What about the Lowe’s paint? I can’t find anything on that. Does it affect rarity or value?


----------



## pogobill (Jan 31, 2012)

I've seen one other blue on on the internet. Maybe it was this one!!


----------



## Dirichiii (Feb 20, 2021)

honestly makes me think it is one of one. I wonder...


----------



## Dirichiii (Feb 20, 2021)

its for sale in sc near me for $150, near me is upstate


----------



## Bob Driver (Nov 1, 2017)

*GOOD NEWS*
You're right, it may be kind of rare. I can tell you why it's that light blue, Google "Richard Petty Dynamark"..... It's probably worth $150, but bear in mind any kind of chassis parts are almost impossible to find.

*BAD NEWS*
At one time in the 70's, Dynamark was owned by AMF. If you're not familiar with AMF, they were the folks that nearly drove Harley Davidson into the ground (I mean even worse than now). Ask any Biker what they think of a mid-70's AMF Harley and be prepared for a string of bad words that would make a sailor blush.  

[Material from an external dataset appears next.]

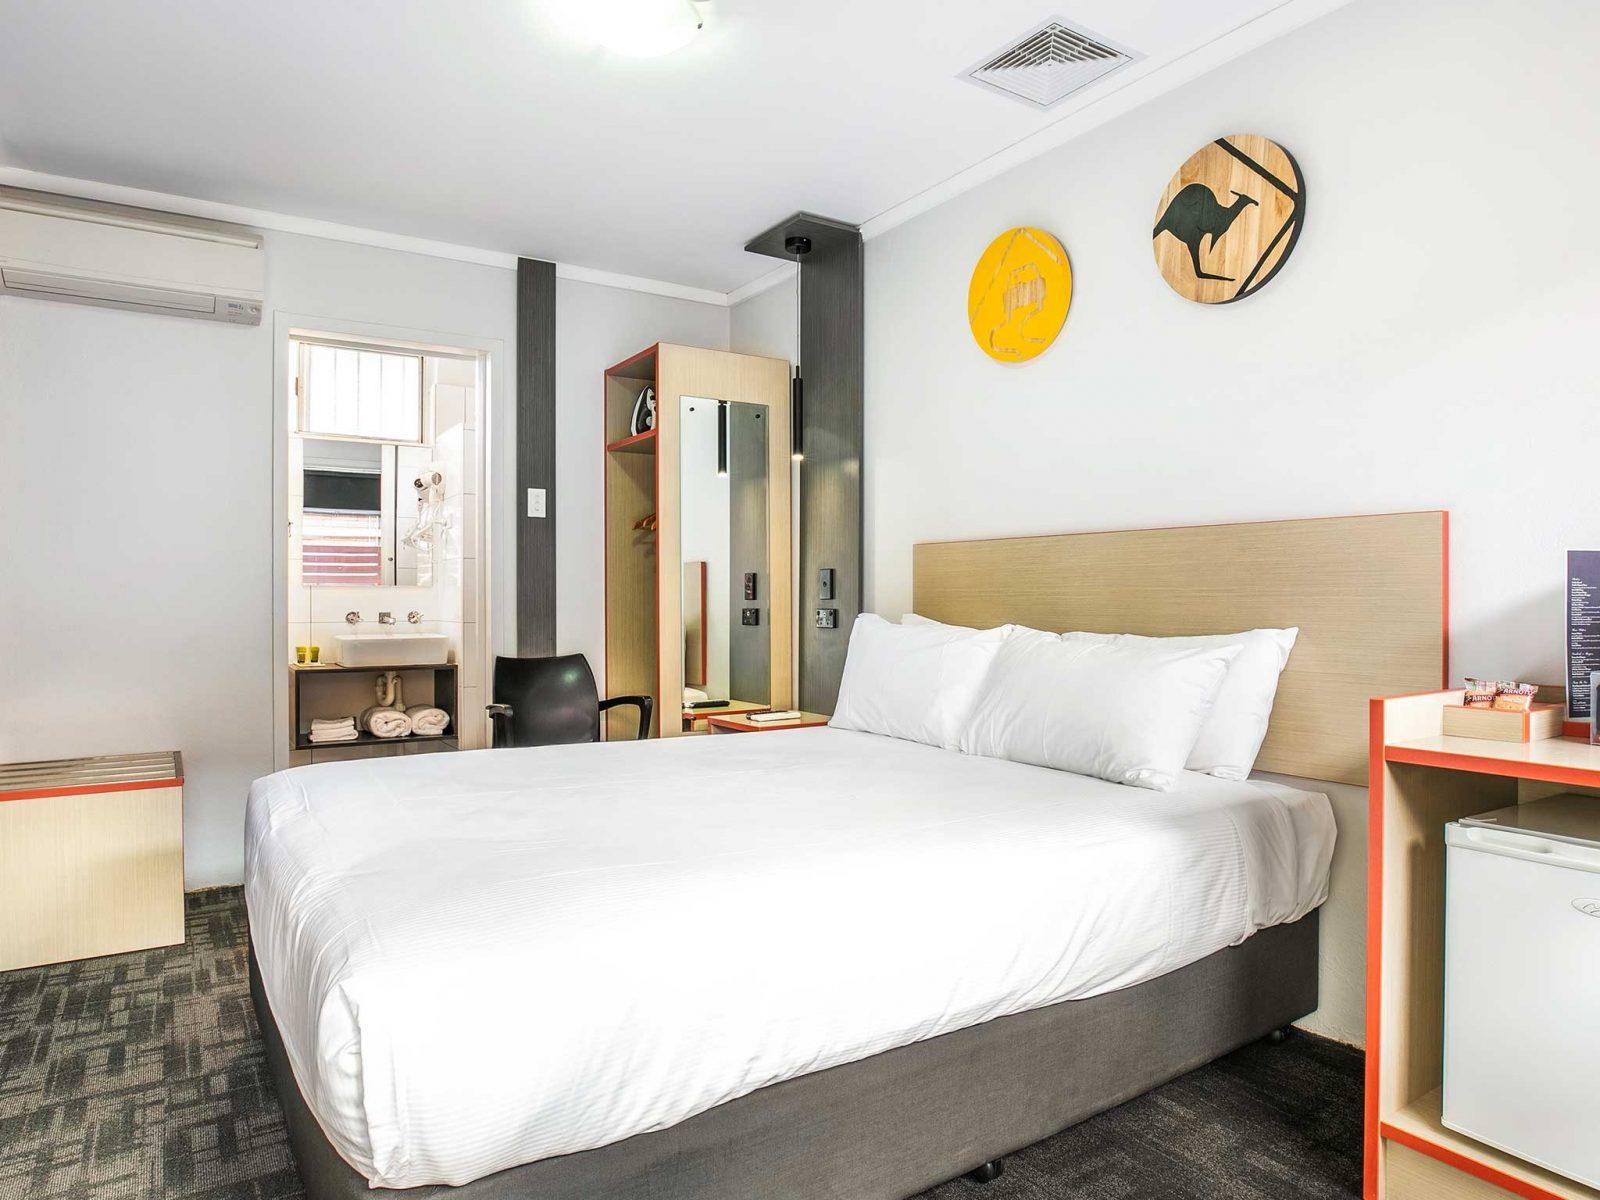 bed in Motel room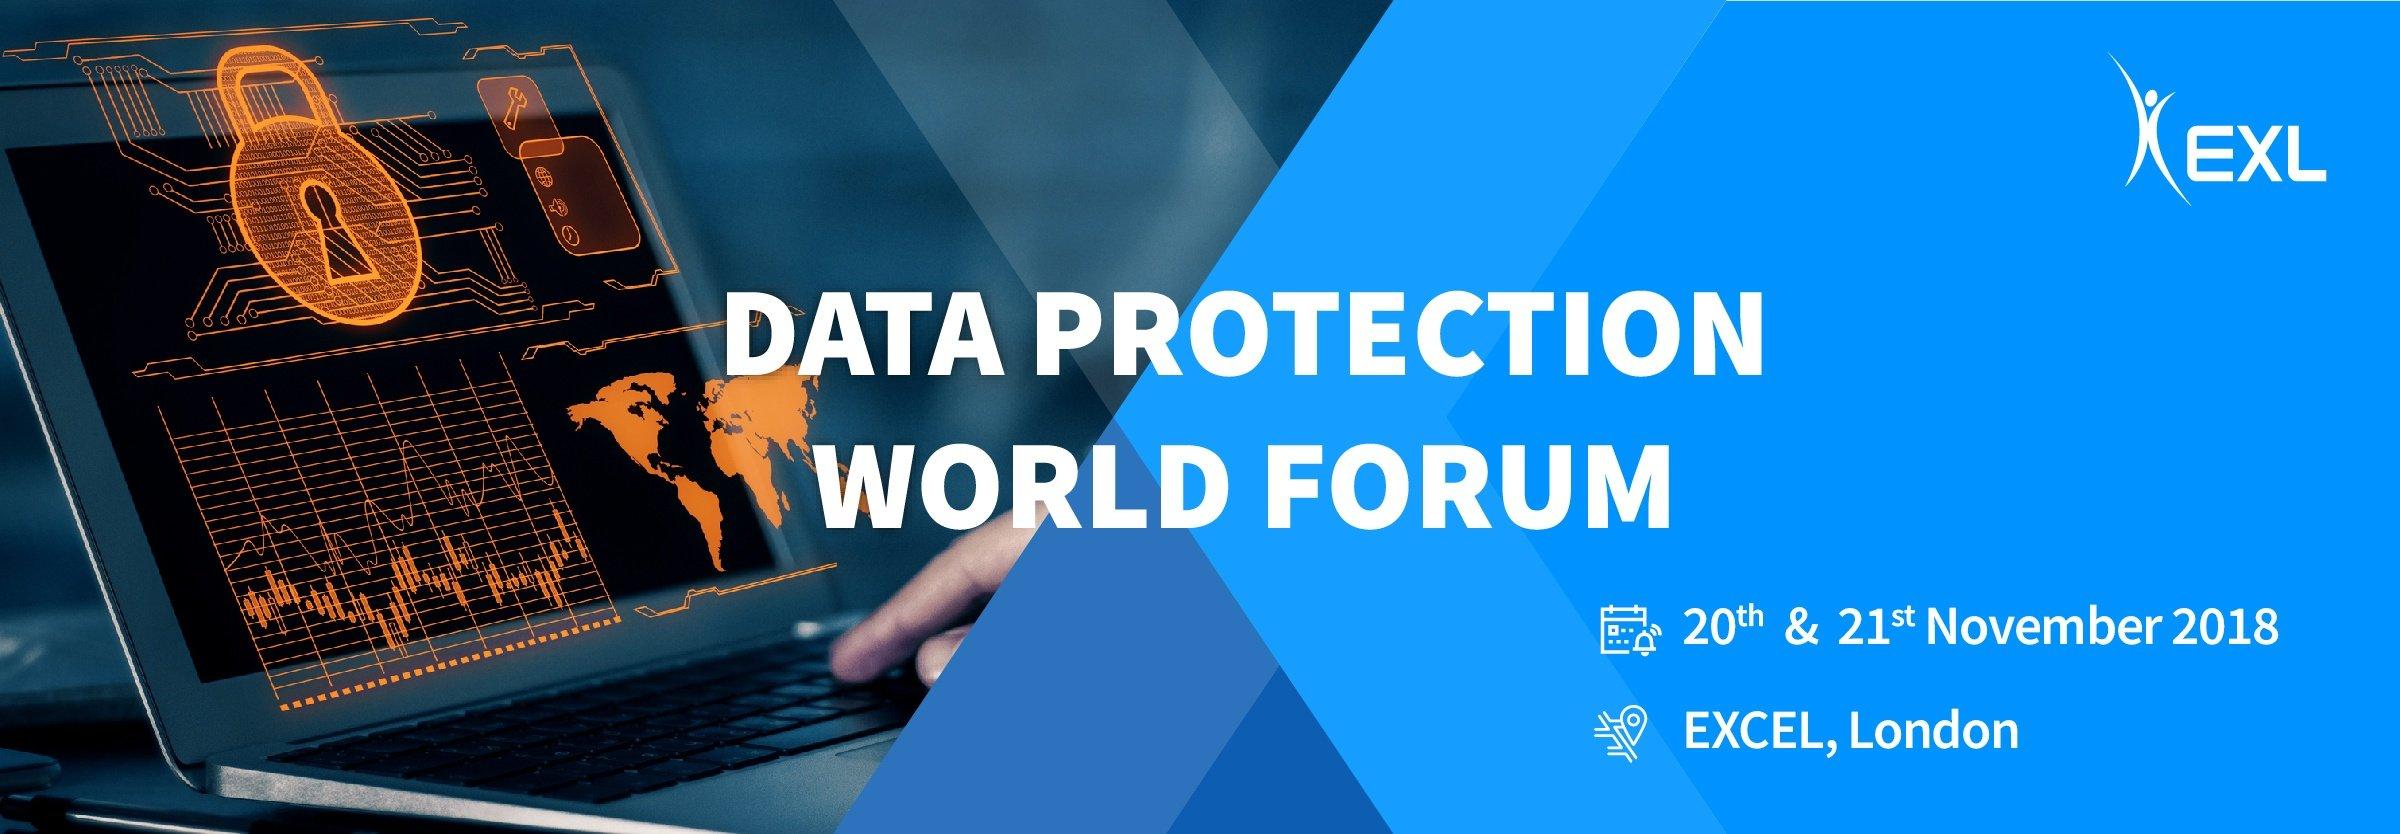 DATA PROTECTION WORLD FORUM-01

Dynamarks are rare because they built a cheap, POC mower, and nobody bought them. The only thing AMF ever built with the Harley Davidson logo on it that is worth collecting were their 3-wheeled golf carts. There's kind of a cult following on them and they are worth collecting......


----------



## dobenstine (May 9, 2021)

Dirichiii said:


> Can anyone help ID this mower? I would like to know more about it. All I know is it is a Dynamark 11/36. Original paint.
> View attachment 71245


Any interest in selling this? I am looking to purchase a blue Dynamark 11/36 or Lowe's 11/36 like this.


----------



## dobenstine (May 9, 2021)

Dirichiii said:


> its for sale in sc near me for $150, near me is upstate


I am looking to purchase this. Is it still for sale?


----------



## Dirichiii (Feb 20, 2021)

dobenstine said:


> I am looking to purchase this. Is it still for sale?


Possible, lemme check


----------



## Dirichiii (Feb 20, 2021)

dobenstine said:


> I am looking to purchase this. Is it still for sale?


I do not think so


----------



## dobenstine (May 9, 2021)

Dirichiii said:


> I do not think so


Crap. Ok thanks


----------



## BadNewzMowers (8 mo ago)

Dirichiii said:


> honestly makes me think it is one of one. I wonder...


 if its one of one i have one identical to it here definitely not in mint condition by any means but identical


----------



## pogobill (Jan 31, 2012)

Then it must be one of two! LOL


----------



## Bob Driver (Nov 1, 2017)

Just the straight Lowes Dynamark is not something to get excited about..... They are about like Lowes selling Troybilts today. They were made by Dynamark, a Division of AMF, and they are a monumental POC mower that you can't get parts for any more.

The only one that is even remotely collectable is the "Richard Petty Dynamark". The only difference was the "Petty Dynamark" came with a different set of branding decals, so that quaint MS saying comes into play..... "Lipstick on a pig"


----------



## bOB dAVIS (Jan 7, 2019)

Dirichiii said:


> its for sale in sc near me for $150, near me is upstate


No Lowe’s has sold rebadged for years . Find the a vin plate most likely under the seat near the battery.


----------